_DATA BLOCK_.

+---+

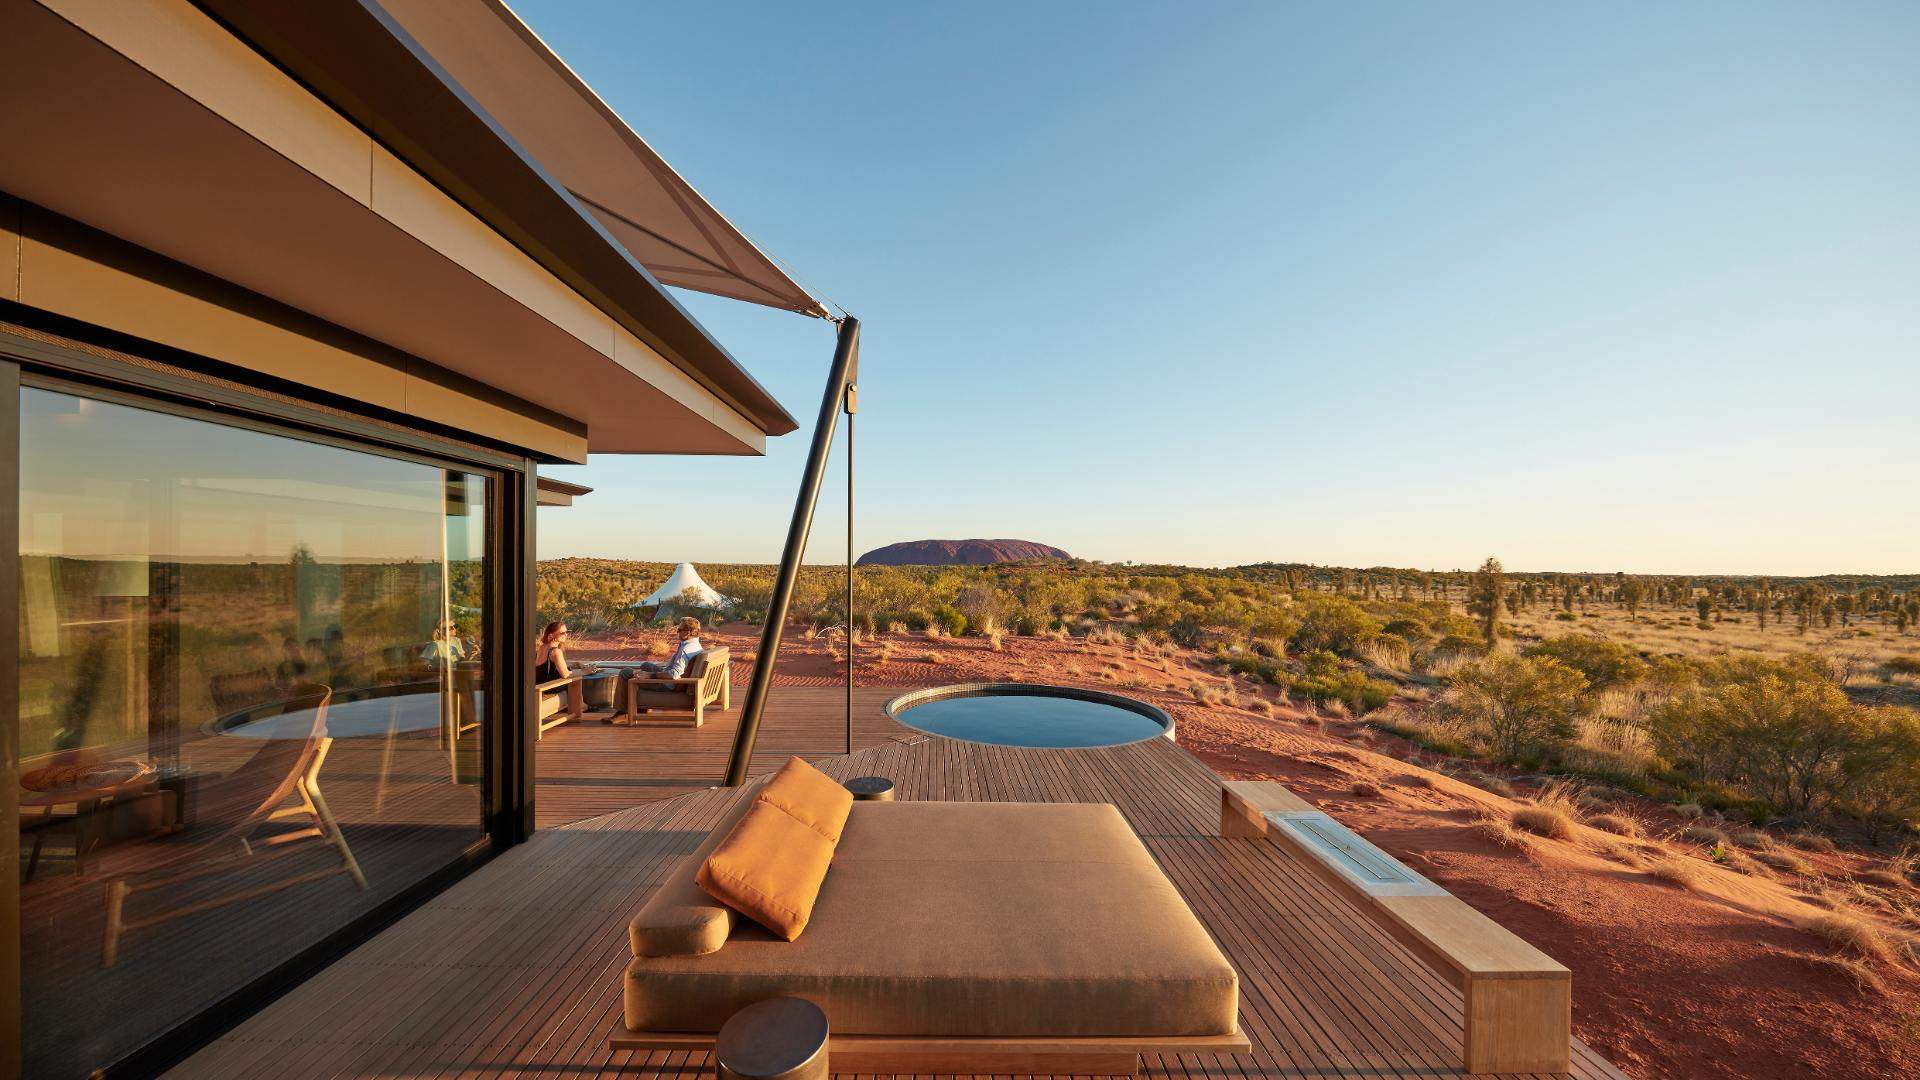 Seven Outrageously Luxe Australian Getaways for When You Really Want to Treat Yourself
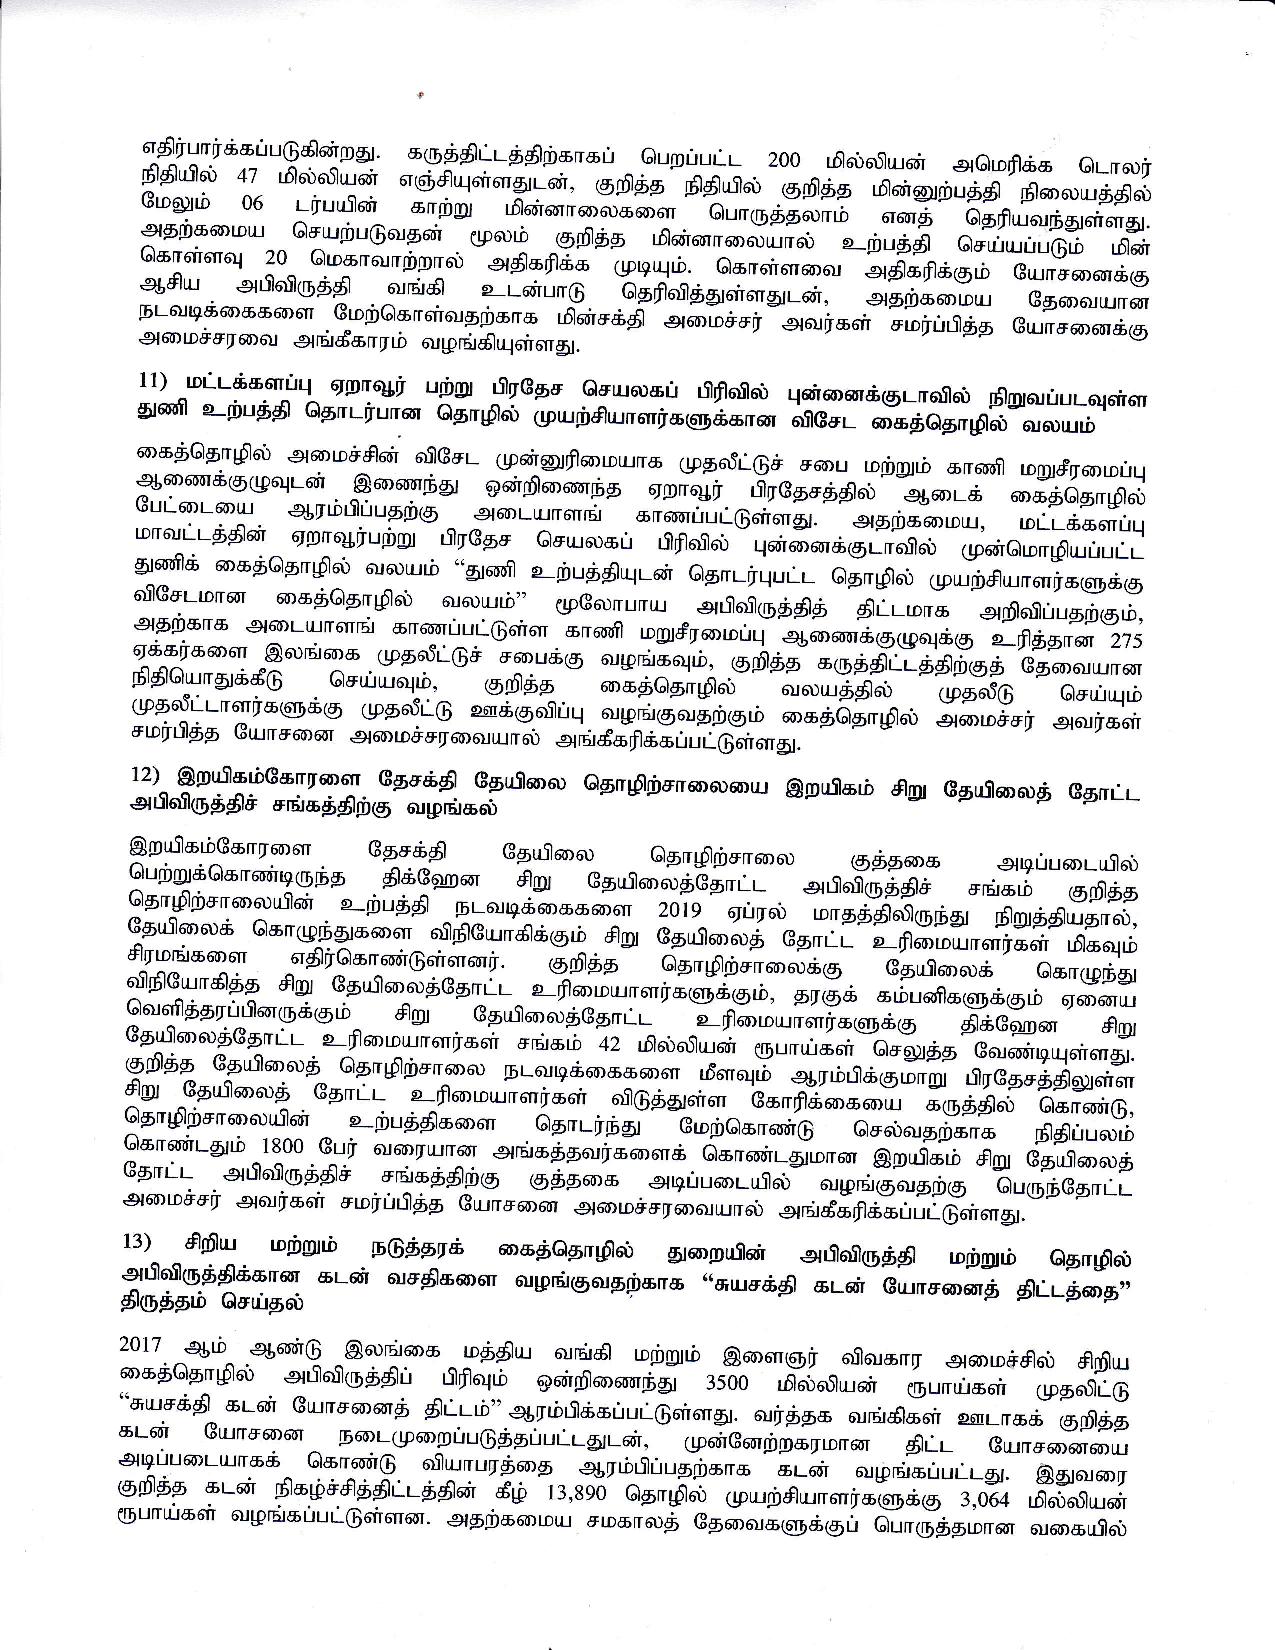 Cabinet Decision on 26.10.2020 Tamil page 004
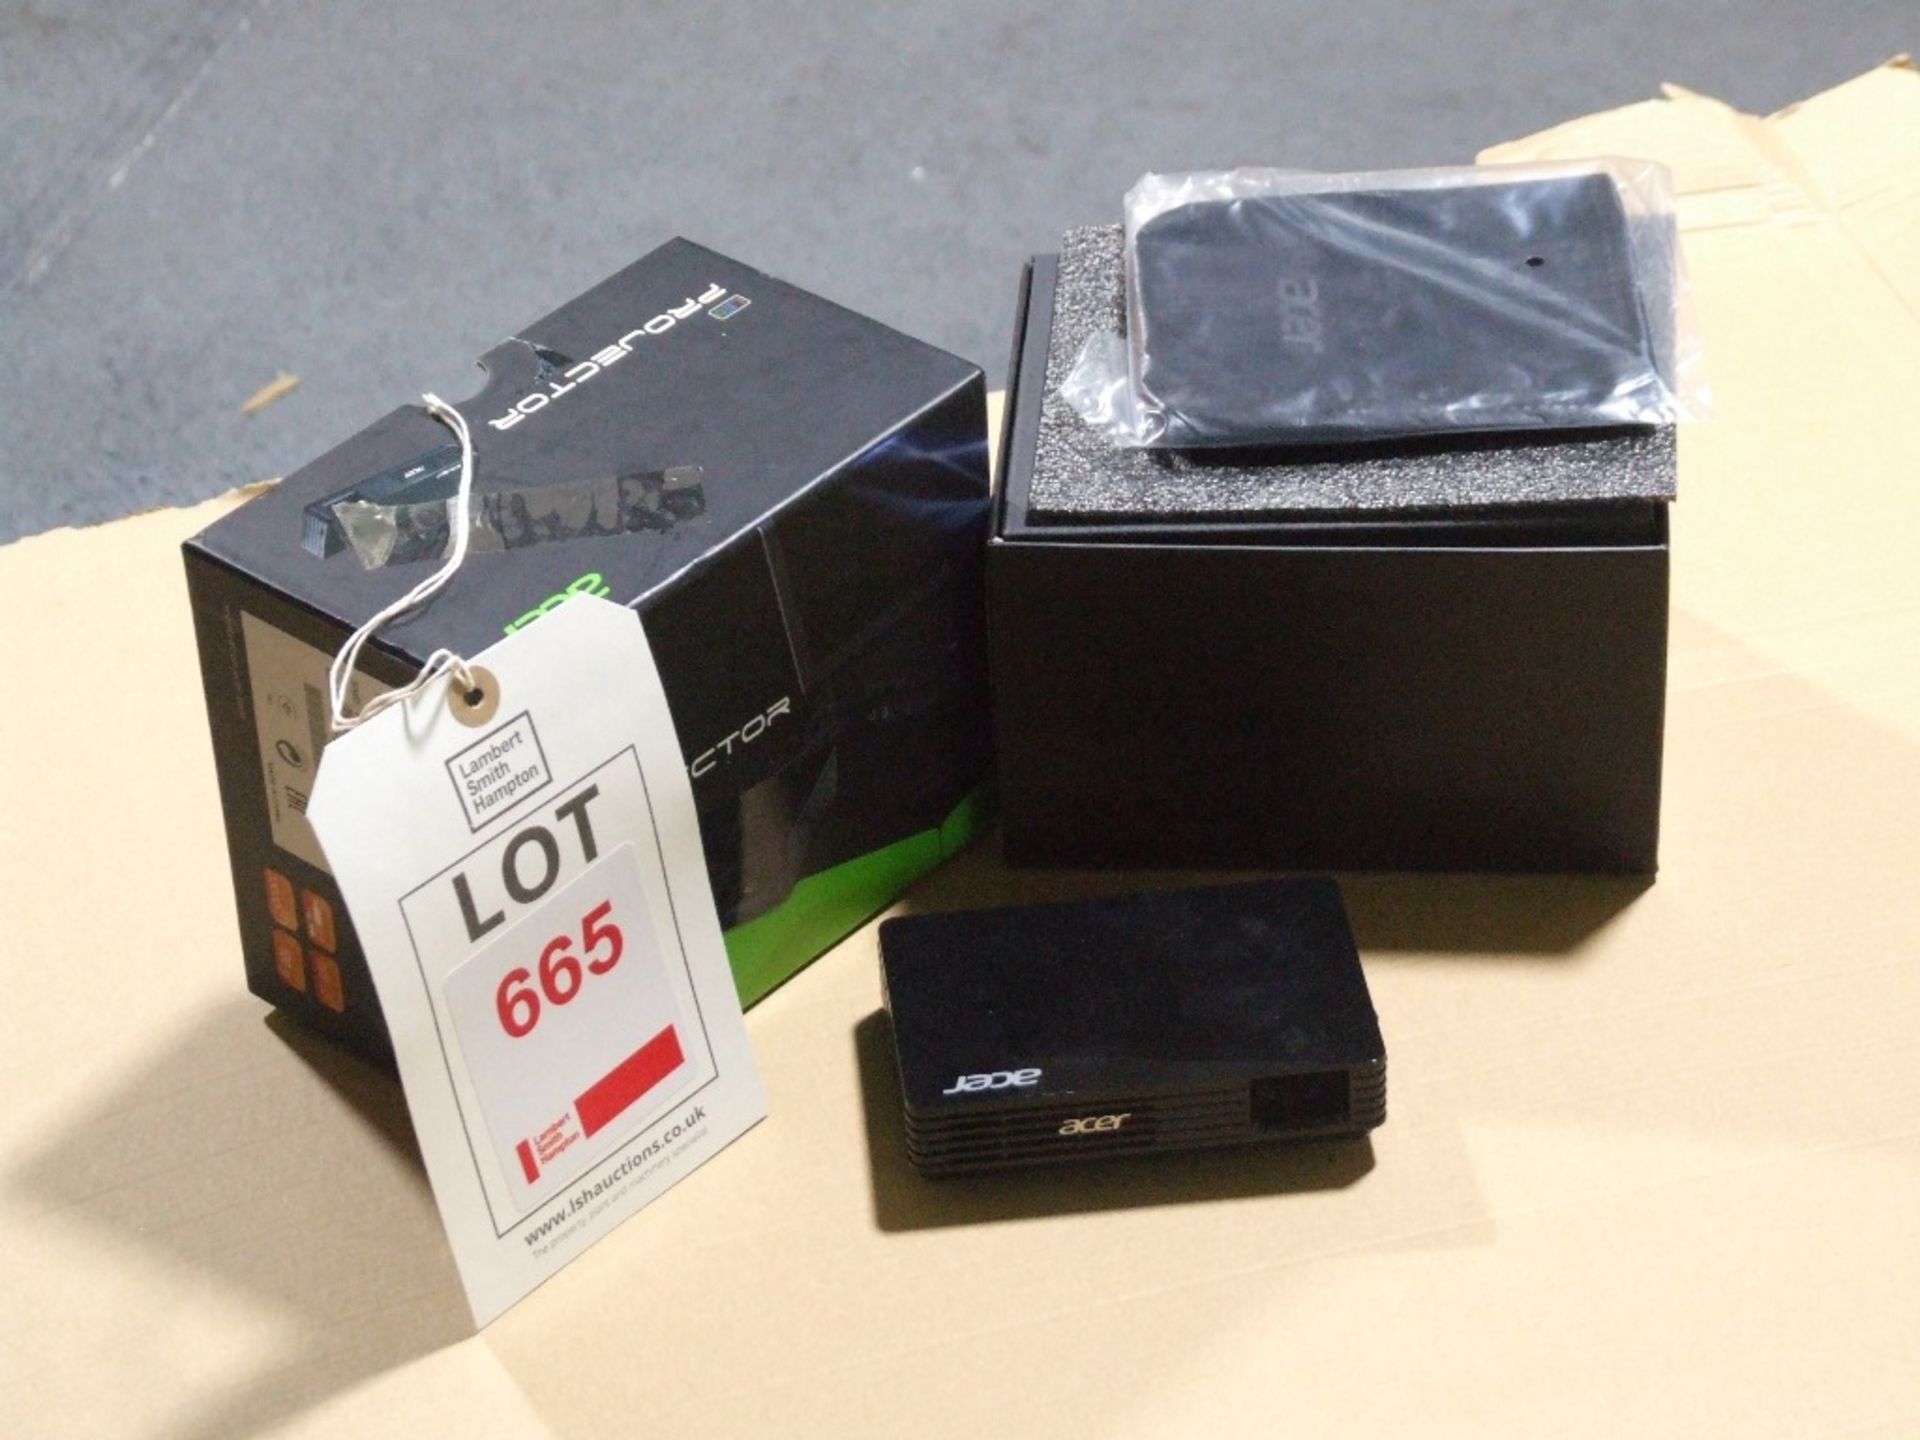 Acer C120 LED pocket projector, boxed, with AC adaptor and case
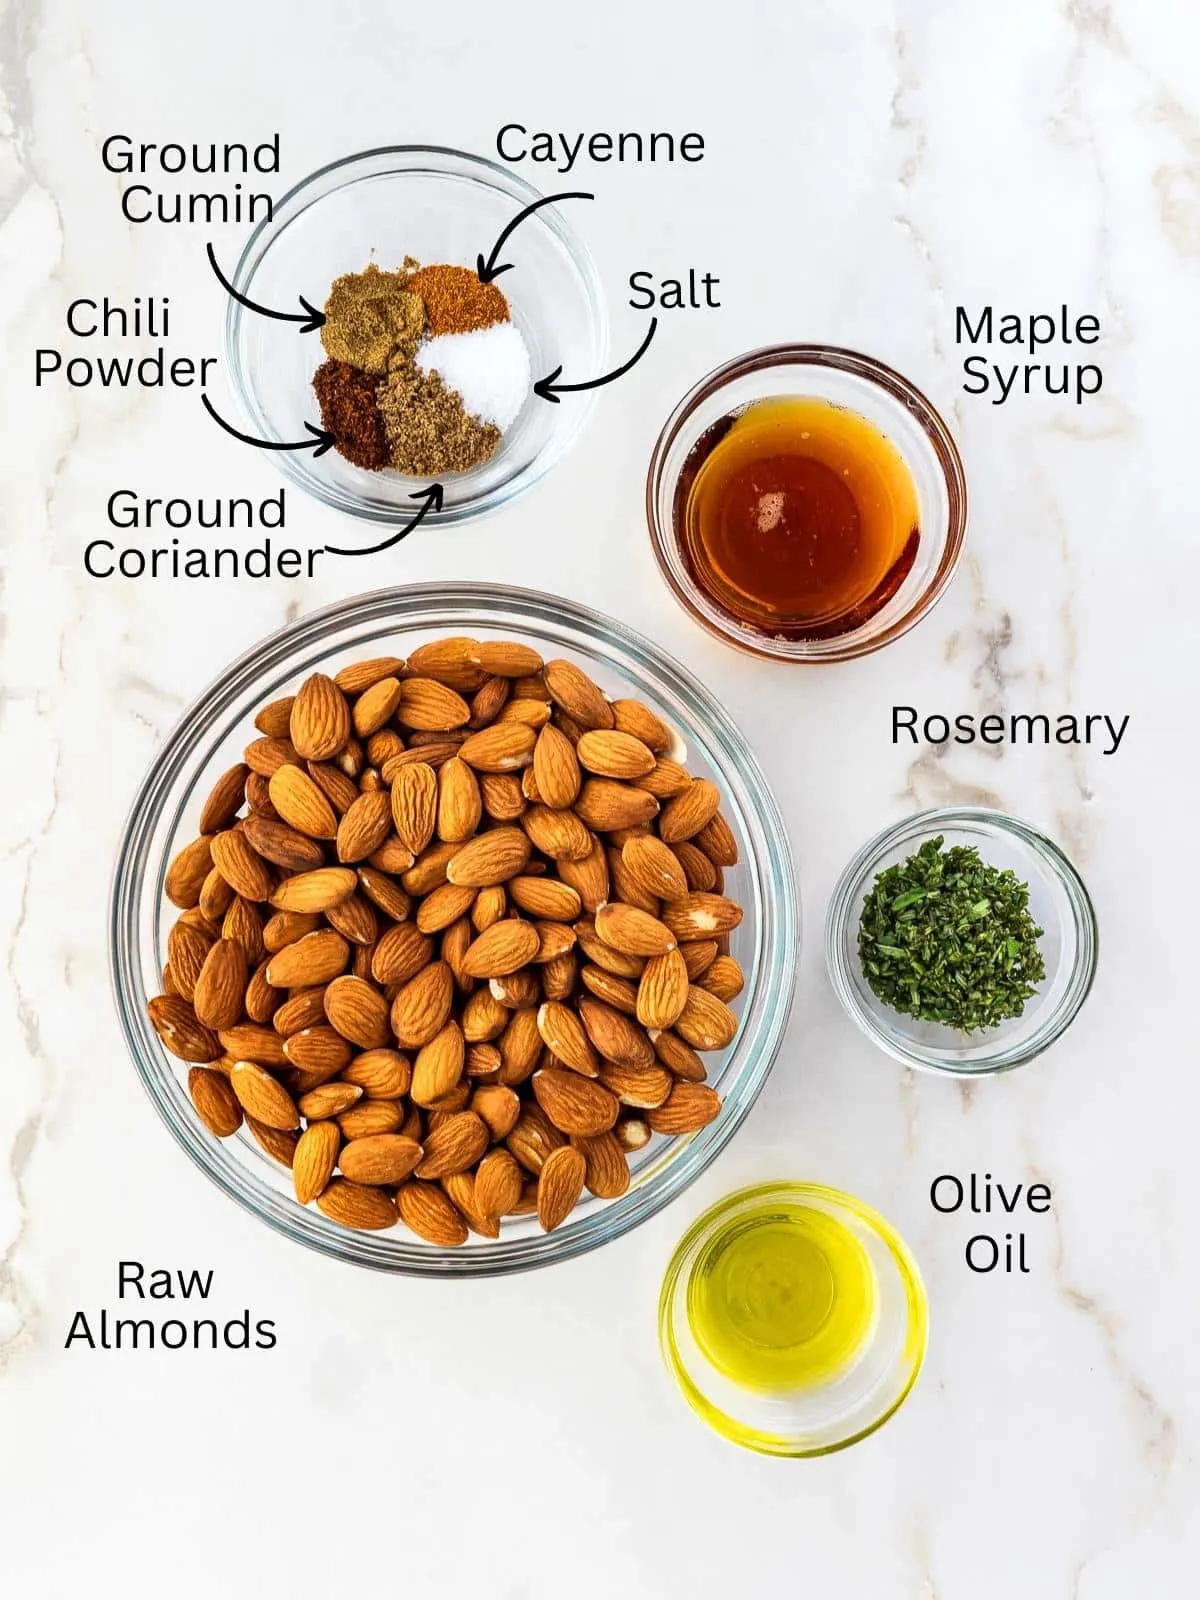 Image of ingredients needed to make rosemary roasted almonds.

+---+

Every last line above must be reproduced as written, and no pictures belong in the copy.

 Seven Outrageously Luxe Australian Getaways for When You Really Want to Treat Yourself
 Cabinet Decision on 26.10.2020 Tamil page 004
 Acer C120 LED pocket projector, boxed, with AC adaptor and case
 Image of ingredients needed to make rosemary roasted almonds.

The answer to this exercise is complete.